Proactive RSA was first solved in "Proactive RSA" in Crypto '97 by Y. Frankel, P. Gemmel, P. MacKenzie, and M. Yung. The same authors recently developed the first optimal resilience (up to a majority of arbitrarily misbehaving servers can "control" the computation) proactive RSA threshold cryptosystem, "Optimal Resilience Proactive Public-Key Cryptosystems" in the Symposium on Foundations of Computer Science (FOCS) '97. That is, optimal resilience achieves v >= 2(t - 1) + 1.

Secure Key Generation

Another important step regarding distributed cryptographic functions is the (efficiently) distributed generation of the function (the key shares). For cryptographic functions based on modular exponentiation over a field (whose inverse is the discrete logarithm, which is assumed to be a one-way function), a protocol for the distributed generating keys was known for quite a while. However, for the RSA function, which requires the generation of a product of two primes and an inverse of a public exponent, this step was an open problem for many years. A major step forward was recently achieved in D. Boneh and M. Franklin, "Efficient Generation of Shared RSA Keys" in Crypto '97 by Boneh and Franklin (see <http://theory.stanford.edu/~dabo/publications.html>). They showed how a set of participants can generate an RSA function efficiently.

Boneh et al. developed many important new protocol techniques and showed that their protocol was secure in the limited model of "trusted but curious" parties. They left open the issue of robustness, i.e., generation in the presence of misbehaving (malicious) parties (whereas the Boneh-Franklin protocol may be prevented from ever generating a shared RSA key by such behavior). Recently, robust efficient distributed RSA key generation was developed by Y. Frankel, P. MacKenzie, and M. Yung in "Robust Efficient Distributed RSA-Key Generation" in the upcoming Annual Symposium on Theory of Computing (STOC) '98.
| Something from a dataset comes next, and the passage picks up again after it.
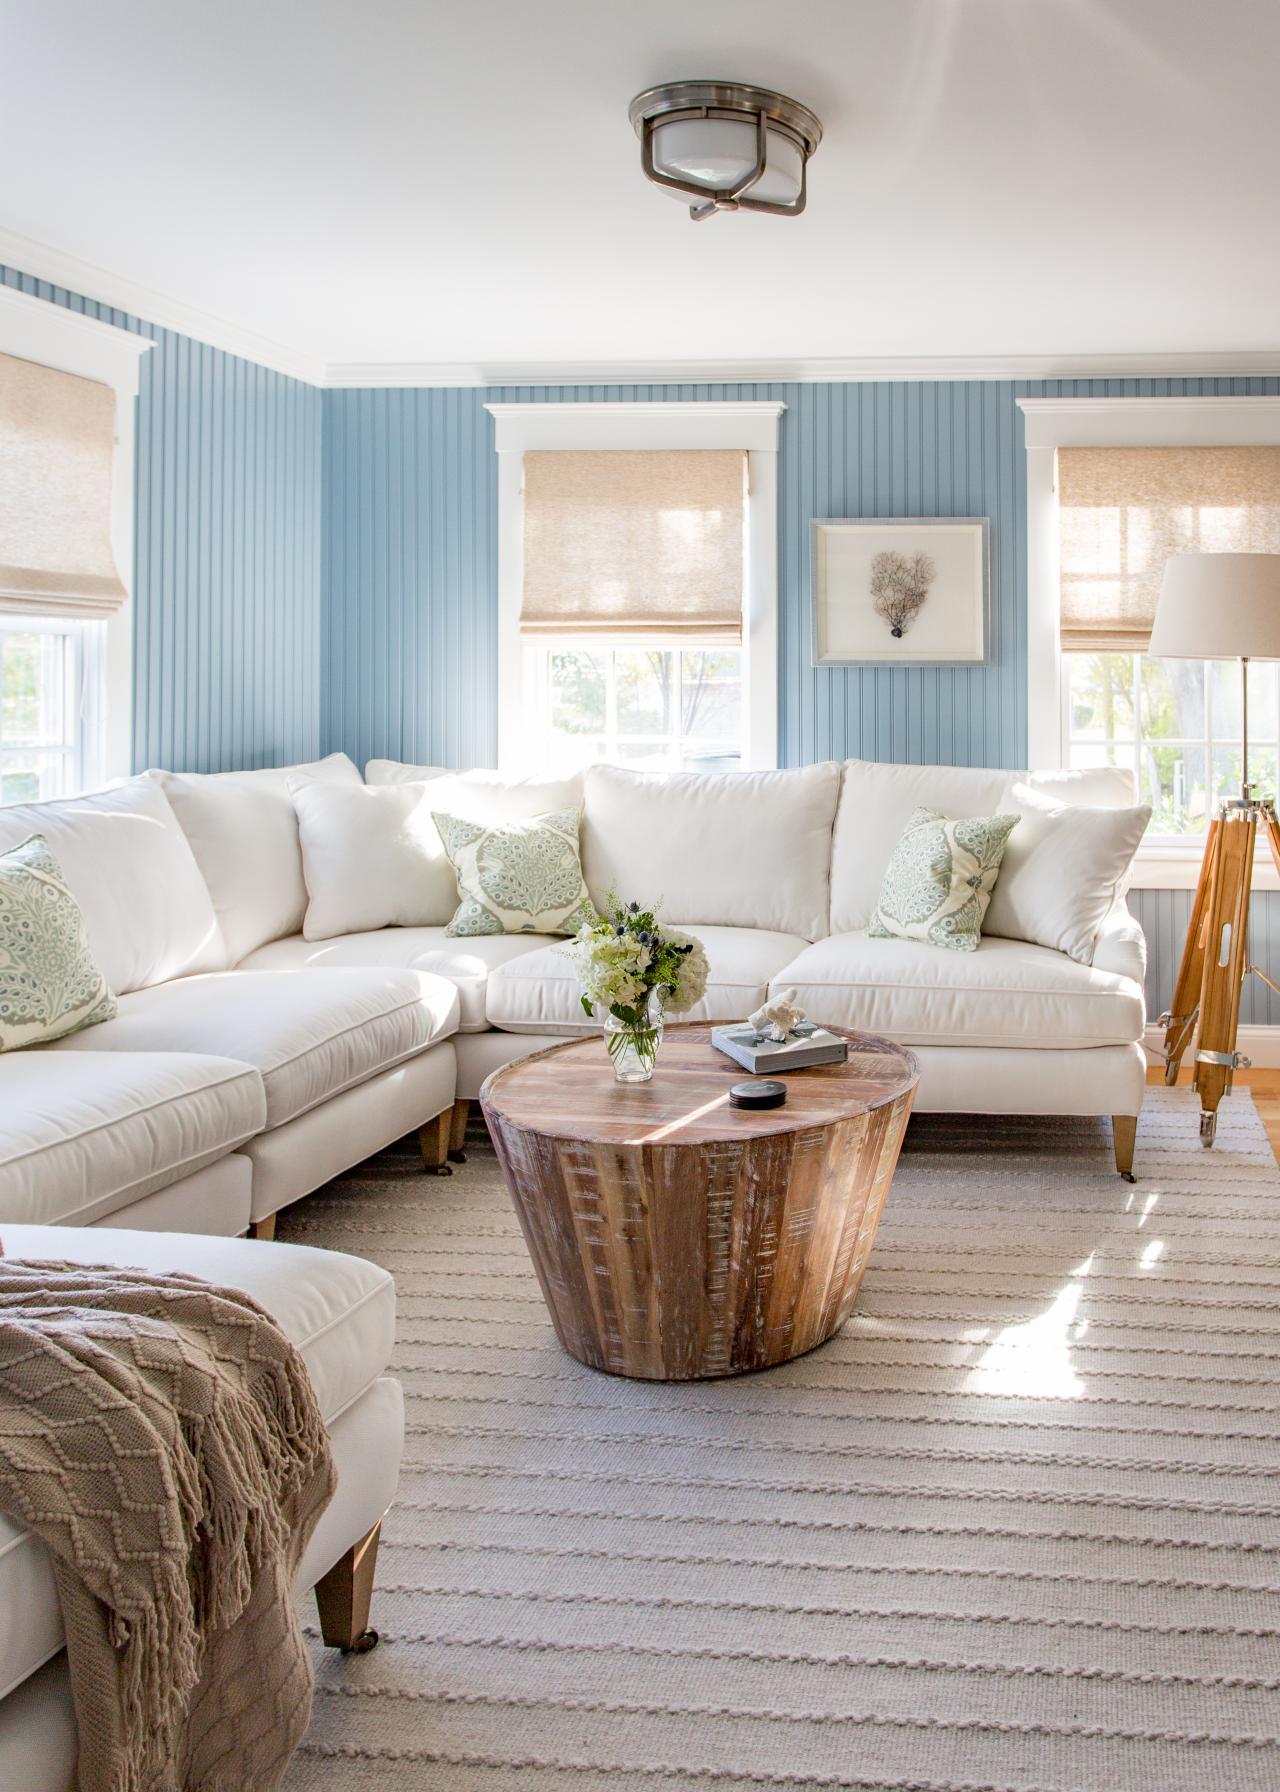 Coastal living room with cornflower blue walls

Explicit Trust Distribution

Transparency implies that the external environment providing the input/output to the protocol is transparent of the trust mechanism. This, however, is not always necessary (and may sometimes even be undesirable). But explicit trust mechanisms are designed with operations that are meant to be traced or followed explicitly (and not to remain hidden). The idea is that the trail of participants is noticeable in the result of the protocol, a property that may be desirable. In some cases, for instance, instead of using threshold RSA techniques, using one signature by each CA entity may be the simplest and most appropriate technique.